RAG
Retrieval Augmented Generation
RAG is the practice of retrieving relevant content from an external source and inserting it into the model's context before generation. It's a practical solution to a real constraint: models have fixed knowledge cutoffs and can't fit every relevant document in their context at once. Understanding how retrieval fits into the inference pipeline — and where it breaks — makes the difference between a system that works and one that just looks like it works.
Why RAG exists
A language model's knowledge is frozen at training time. It can't look things up, doesn't know about recent events, and can't access private data your organisation holds. The naive solutions are to fine-tune the model on your data (expensive, slow to update, easy to overfit) or to dump everything into the context window (impractical at scale, expensive, noisy). RAG offers a middle path: retrieve only what's relevant, when it's needed.

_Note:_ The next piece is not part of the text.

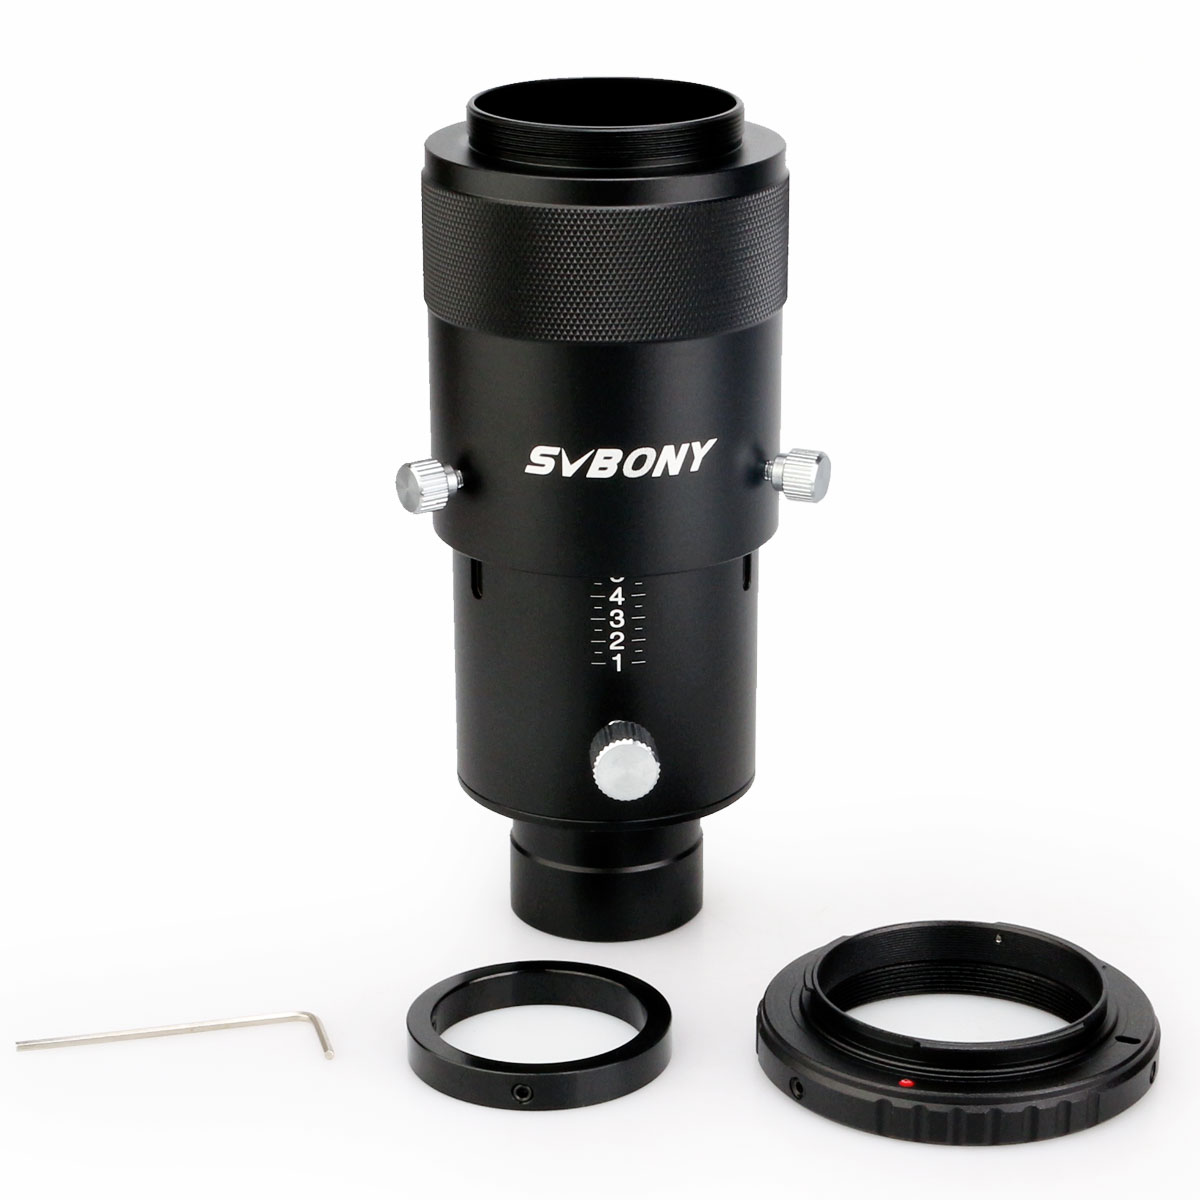 SVBONY-SV112-125quot-Fully-Metal-Deluxe-Variable-Eyepiece-Projection-Kit-for-Telescopes-with-T-Ring--1842642-1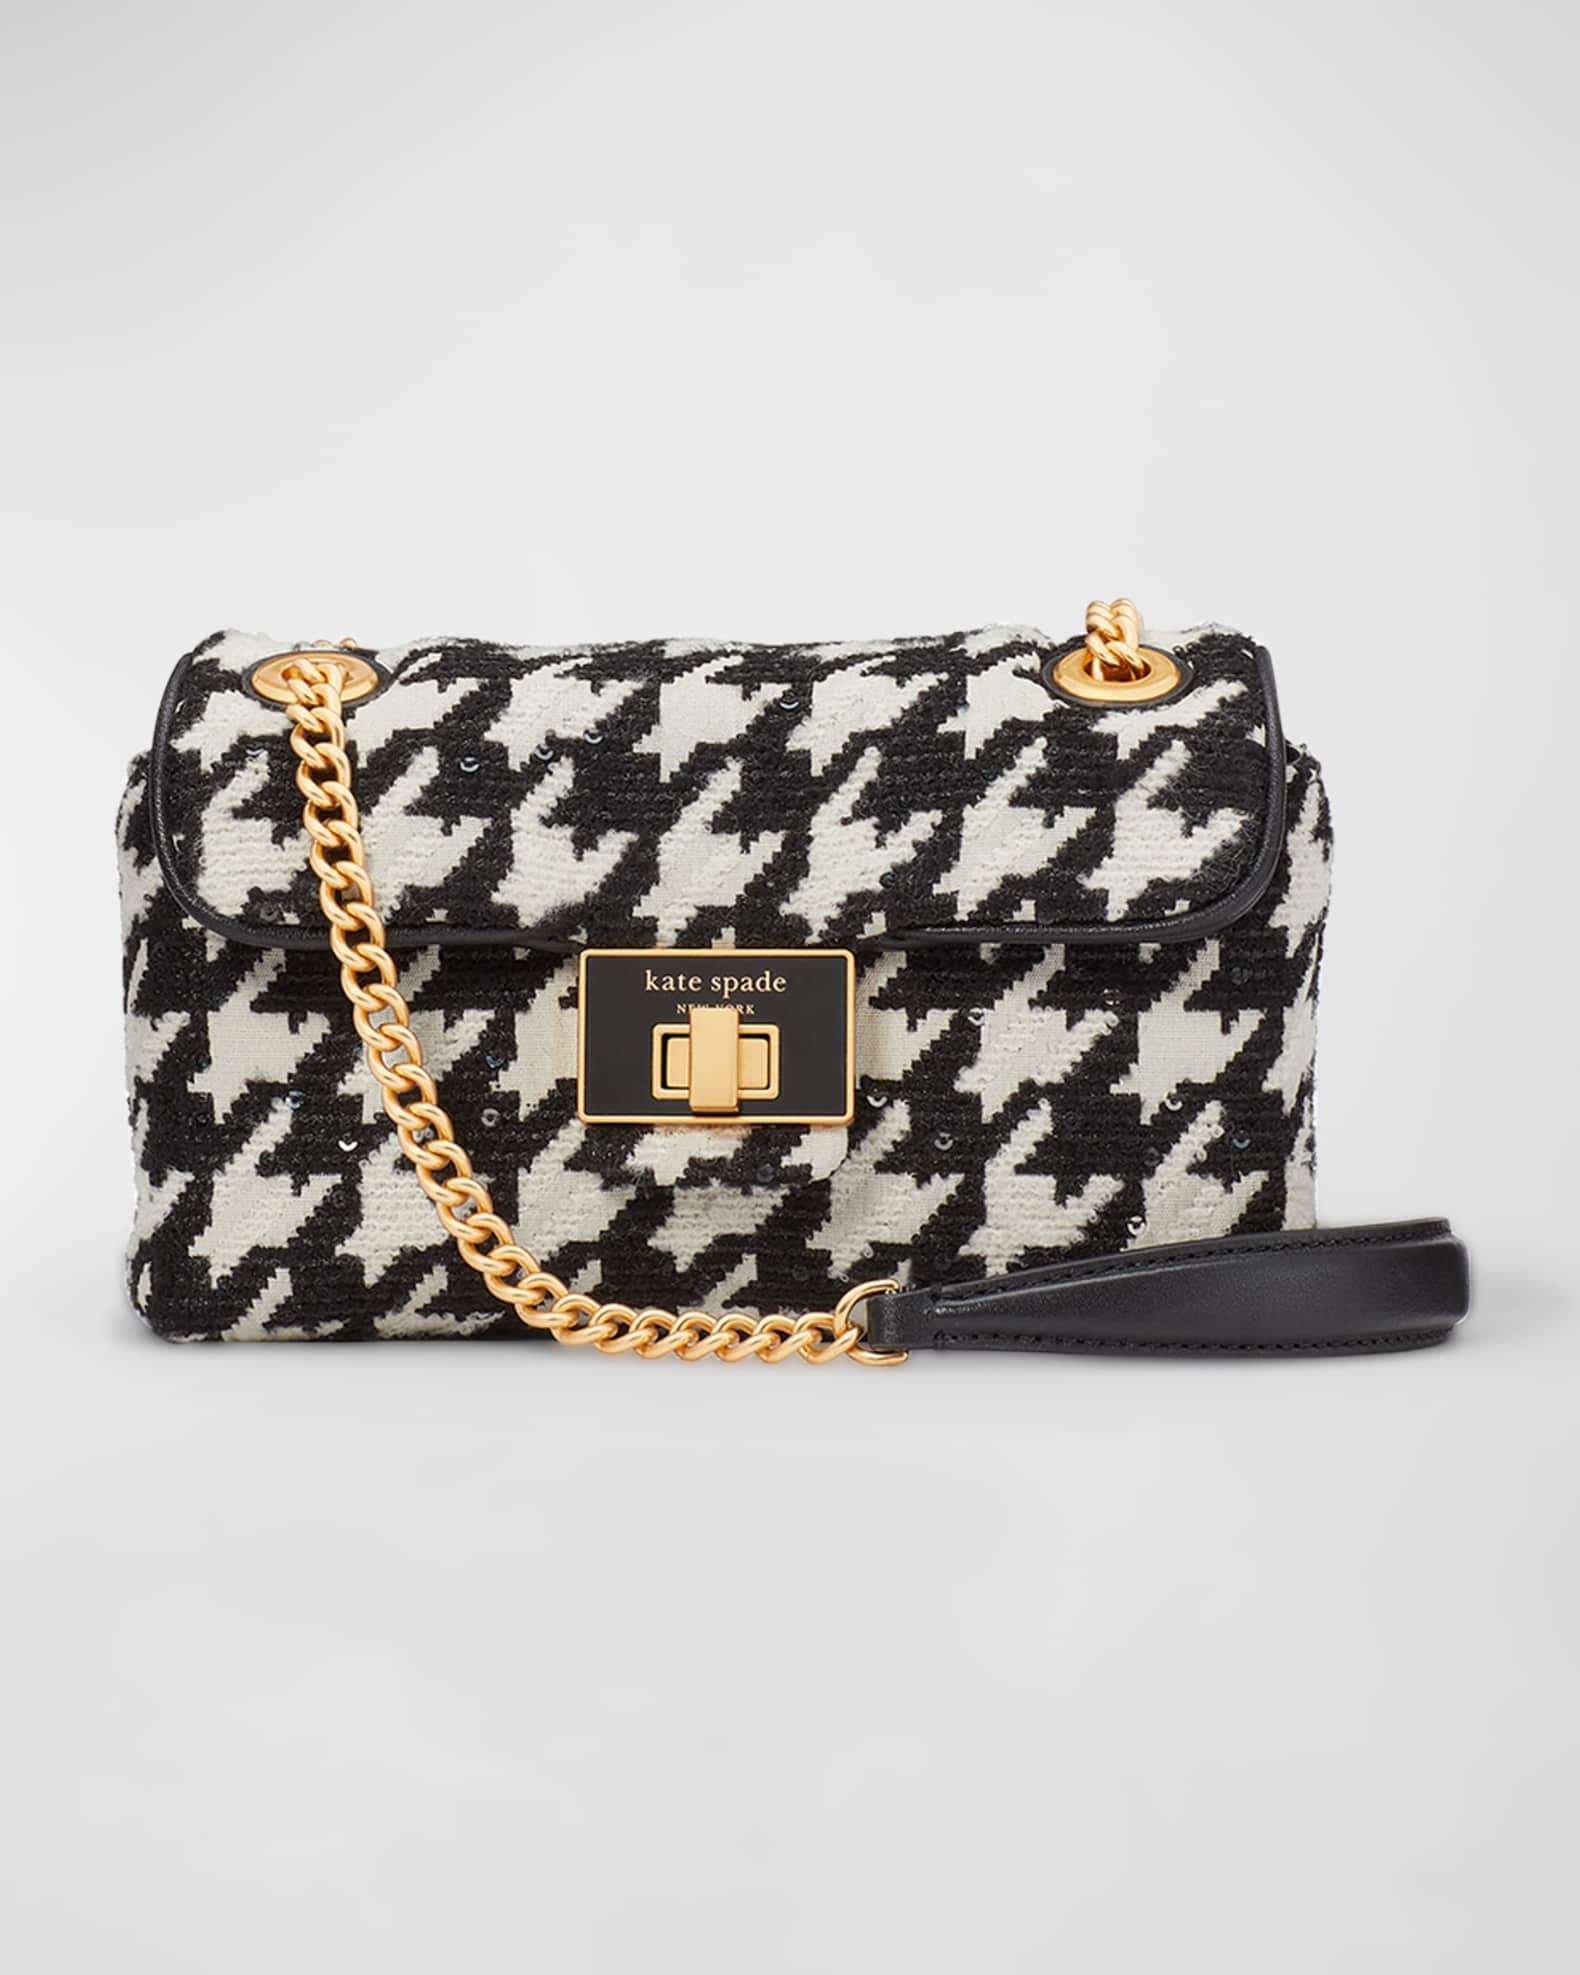 kate spade new york evelyn small sequin houndstooth crossbody bag

The core idea is straightforward. Before sending a user's query to the model, you run a retrieval step that finds the most relevant documents or passages from a corpus. You insert those passages into the model's context. The model then answers with access to that specific content. The model itself doesn't need to memorise the corpus — it just reads from what you hand it at inference time.
The RAG pipeline, step by step
Document ingestion & chunking
Raw documents (PDFs, webpages, databases) are split into chunks. Chunk size and strategy significantly affect downstream quality.
Embedding
Each chunk is passed through an embedding model to produce a dense vector representation. These vectors are stored in a vector database.
Query embedding (at runtime)
The user's query is embedded with the same model used to embed the corpus. This converts the query into the same vector space.
Approximate nearest neighbour search
The query vector is compared against all stored chunk vectors. The top-k most similar chunks are retrieved (typically k=5–20).
Reranking (optional)
A cross-encoder model scores query–chunk pairs more precisely and re-orders the retrieved results. Slower but higher quality than vector search alone.
Context assembly & generation
Retrieved chunks are formatted and inserted into the prompt. The LLM generates a response using the provided content.
Chunking
Chunking is one of the most consequential decisions in a RAG system, and one of the least studied. The goal is to split documents into pieces small enough that each chunk is topically coherent and fits in context, but large enough that individual chunks contain enough information to be useful on their own.
Chunk size tradeoffs
Small chunks (100–300 tokens) give the retrieval system more precision — each chunk is about one specific thing, so retrieval signals are cleaner. But small chunks lose context: a sentence that references a table from the previous paragraph will retrieve without that table. The model gets partial information.
Large chunks (500–1500 tokens) carry more context around each piece of information. But retrieval quality degrades — a large chunk about a general topic will match many different queries, making it harder for the retrieval system to be selective. Inserting large chunks also consumes more of the context window per retrieved result.
A common middle ground is chunks of 300–600 tokens with a small overlap between adjacent chunks (50–100 tokens) so that information at chunk boundaries appears in at least one chunk intact.
Chunking strategies
Fixed-size character or token splitting is the default in most frameworks, but it often splits in the middle of sentences or paragraphs. Sentence-aware splitting is better — split on sentence boundaries and aggregate until you reach a target size. Semantic chunking (using an embedding model to identify topic boundaries) can further improve coherence at the cost of more preprocessing compute.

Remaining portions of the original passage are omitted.